During the plague, Pharaoh calls for Moshe and Aharon to remove the locusts, and he admits that he has sinned. HaShem ends the plague but hardens Pharaoh's heart and again Pharaoh fails to free the Beney Yisrael. The country, except for the Jewish People, is then engulfed in a palpable darkness.

Pharaoh calls for Moshe, and tells him to take all the Jews out of Egypt, and to leave their flocks behind. Moshe tells him not only will they take their own flocks, but Pharaoh must add his own too. Moshe tells Pharaoh that HaShem is going to bring one more plague, the death of the firstborn, and then the Children of Yisrael will leave Egypt.

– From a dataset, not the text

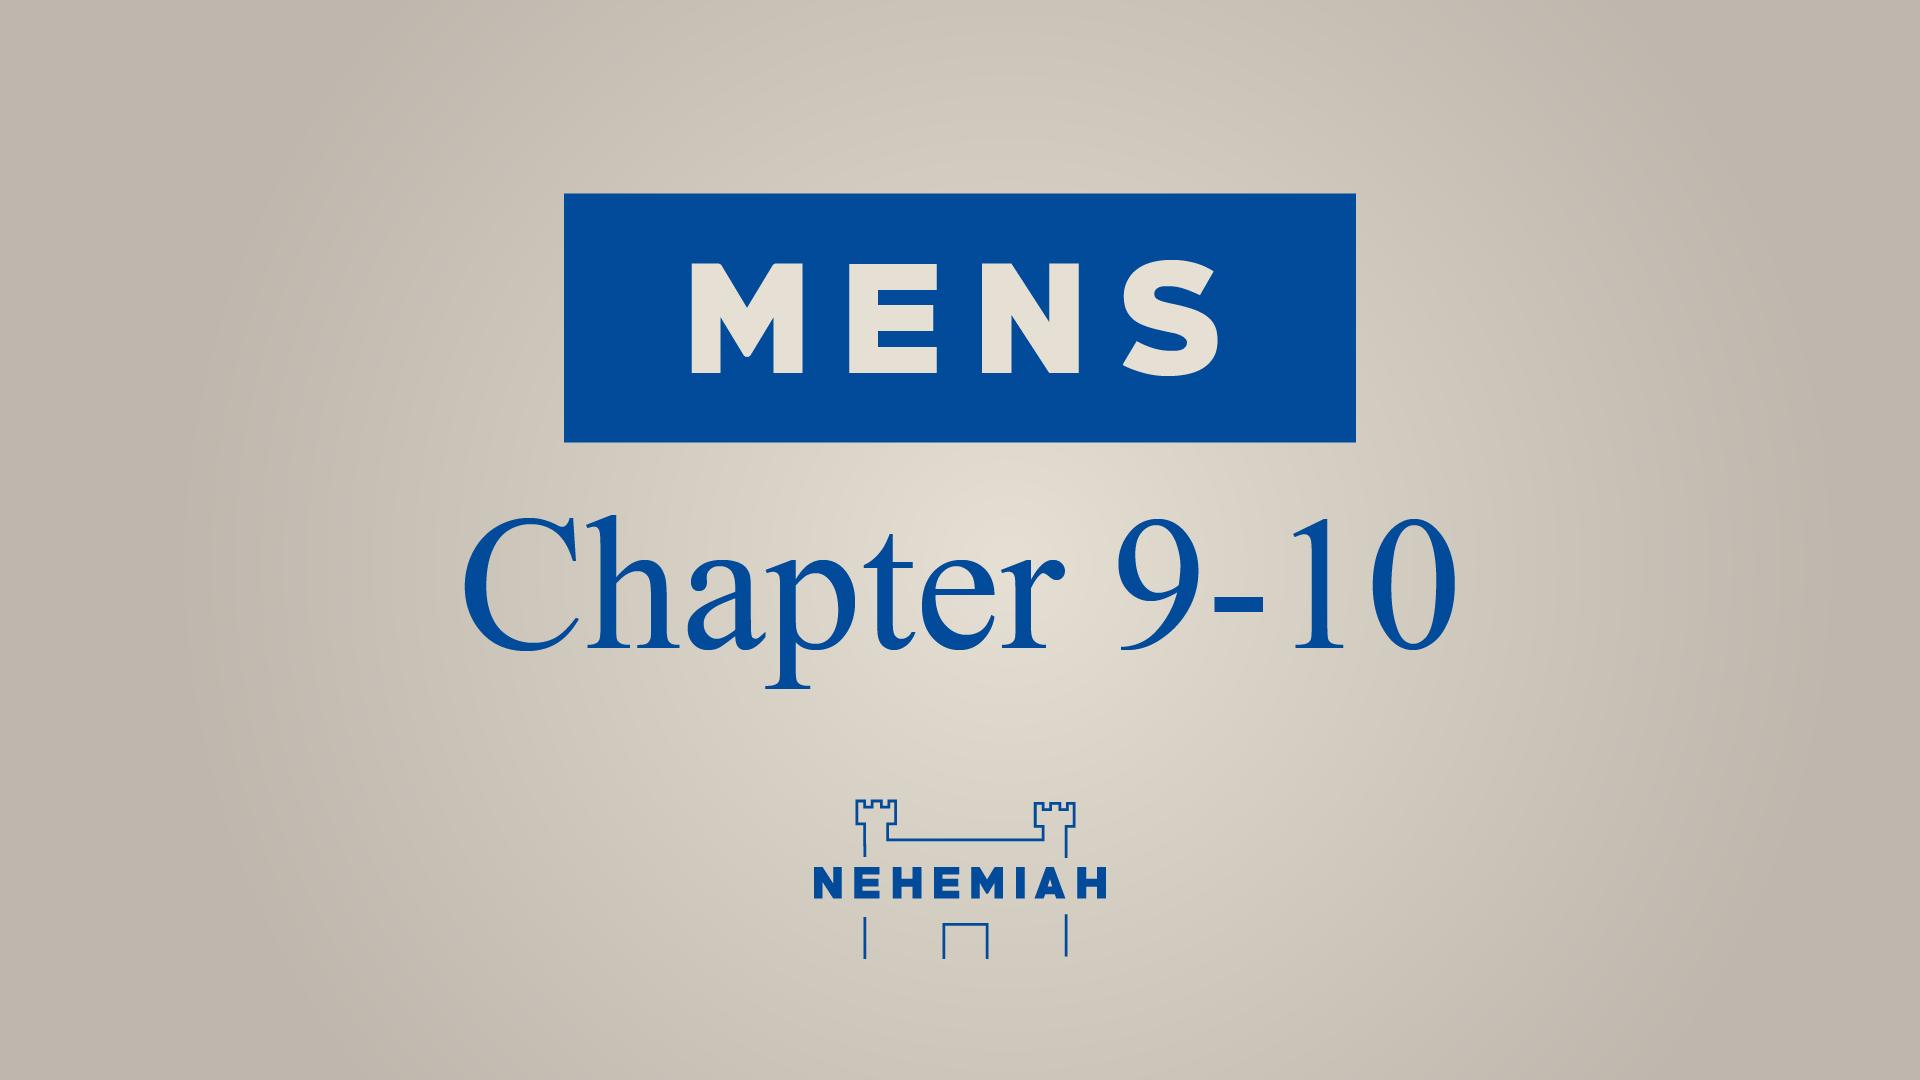 Nehemiah-BS_Men-9-10.png

HaShem again hardens Pharaoh's heart, and Pharaoh warns Moshe that if he sees him again he will be put to death. HaShem tells Moshe that the month of Nisan will be the first month in the calendar year. The Beney Yisrael are commanded to take a sheep on the tenth of the month, and guard it until the fourteenth. The sheep is then to be slaughtered as a Pesach sacrifice, its blood put on their door-posts, and its roasted meat to be eaten. The blood on the door-post will be a sign to HaShem to pass-over their homes when He strikes the firstborn of Egypt. The Jewish People are told to memorialize this day as the Exodus from Egypt by never eating chamets on Pesach. Moshe relays HaShem's commands, and the Jewish People perform them flawlessly. HaShem sends the final plague, killing the firstborn, and Pharaoh sends the Jews out of Egypt. HaShem tells Moshe and Aharon the laws concerning the Pesach sacrifice, pidyon haben (the redemption of the firstborn son), and tefillin.